Define explicit boundaries for when the autonomous system must stop and ask a human, based on risk scoring, confidence thresholds, and action categories.
Problem / Motivation
FR-056 (Autonomous Coding Orchestrator) will run continuously, making decisions without human oversight.
Without explicit “stop and ask” rules, the system either asks about everything (useless) or acts on everything (dangerous).
Risk varies wildly: renaming a variable vs adding a new dependency vs calling an external API vs deploying to production.
FR-008 (Design Review) gates implementation on approved designs, but that’s one gate. The system needs gates throughout the pipeline.
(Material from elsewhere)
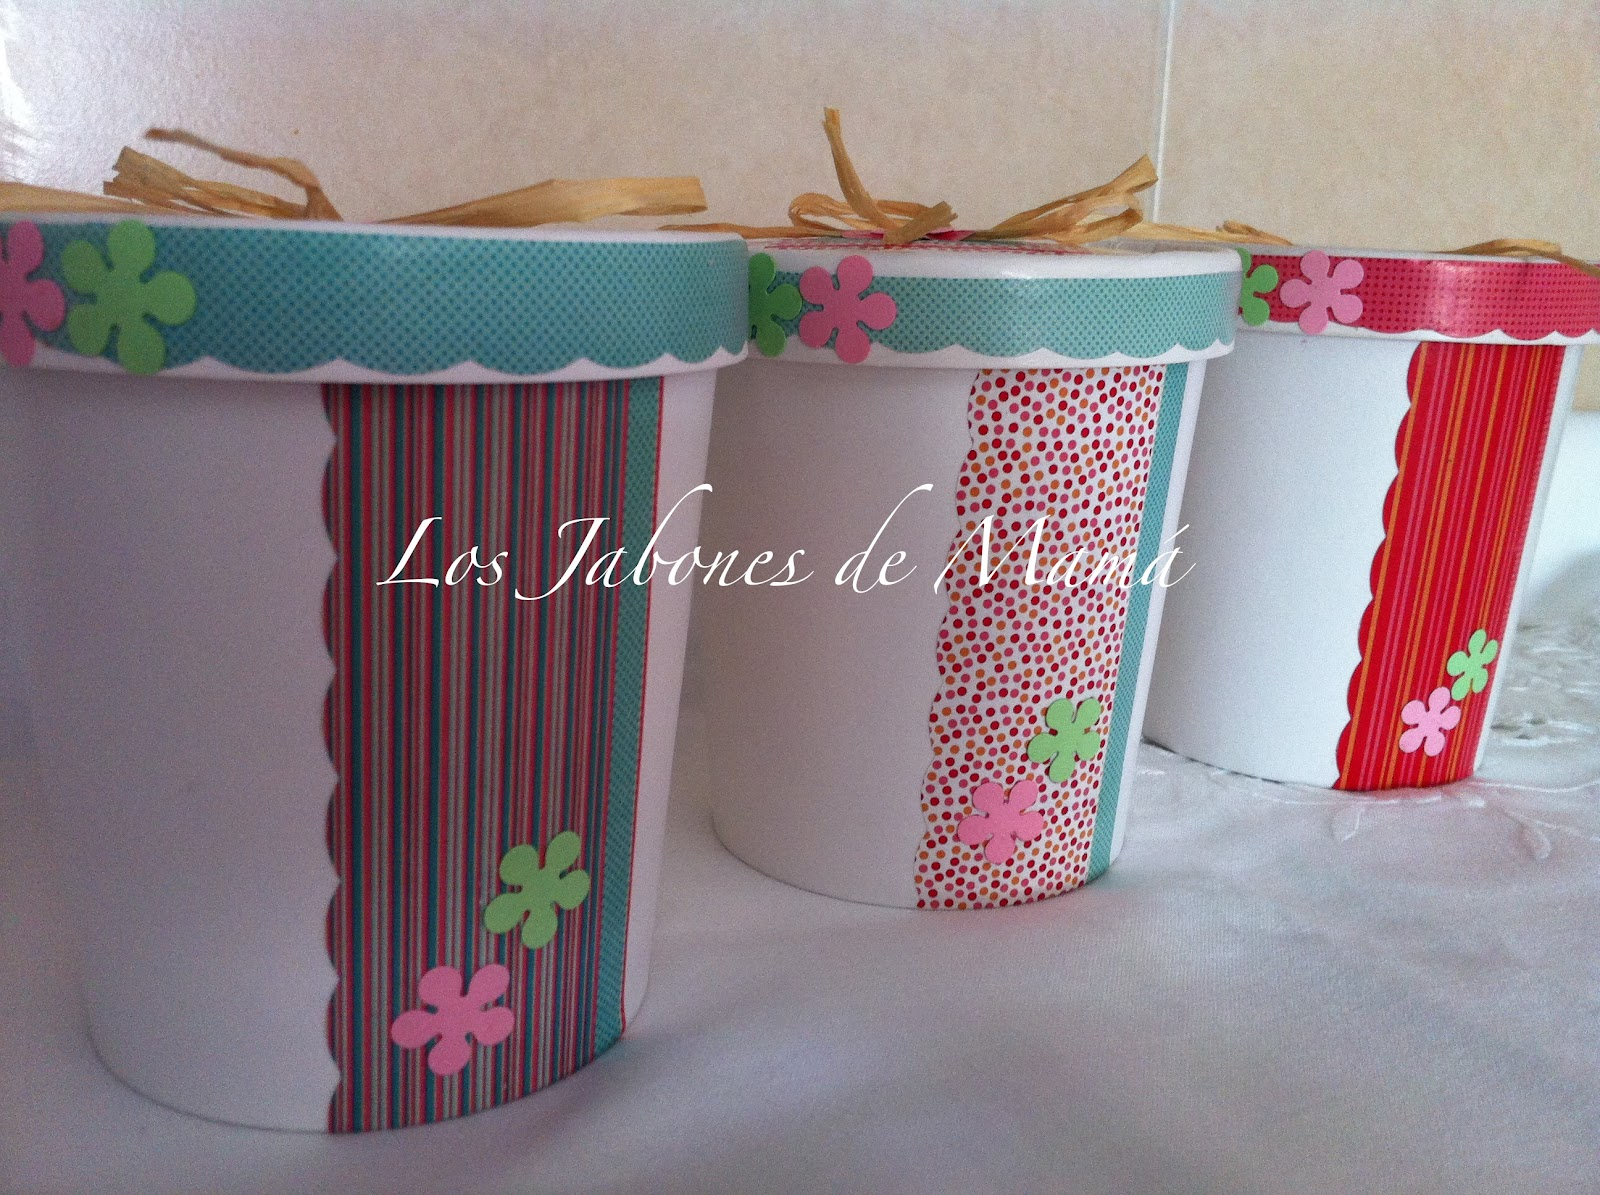 Los jabones de mam detalles de boda cupcake en bote - Detalles de decoracion ...

Every serious autonomous coding system (Devin, SWE-agent, etc.) has learned this the hard way — uncontrolled autonomy leads to runaway costs, broken repos, and lost trust.
Proposed Solution
A risk classification system with escalation rules, implemented as a policy file the orchestrator reads. Each action type has a risk level and a corresponding escalation path (auto-proceed, log-and-proceed, ask-and-wait, block).
Open Questions
1. Default Autonomy Mode
Question: What should the default behavior be when no specific rule matches?
Option
Description
A) Ask-first
Unknown actions require human approval. Safe but slower.
B) Act-first with rollback
Proceed but ensure reversibility. Fast but riskier.
C) Act-first with logging
Proceed and log for post-hoc review. Fastest, least safe.
Recommendation: Option A for Phase 1-2. Move to B for well-tested action types in Phase 3.
Decision:
2. Confidence Scoring
Question: Should the system self-assess confidence before acting?
Option
Description
A) LLM self-rating + action type
Combine action risk level with LLM’s confidence estimate
B) Action type only
Fixed rules per action category, no self-assessment
C) Outcome prediction
Predict impact before acting, escalate if high-impact
Recommendation: Option A — simple to implement, LLM confidence is imperfect but useful as a signal.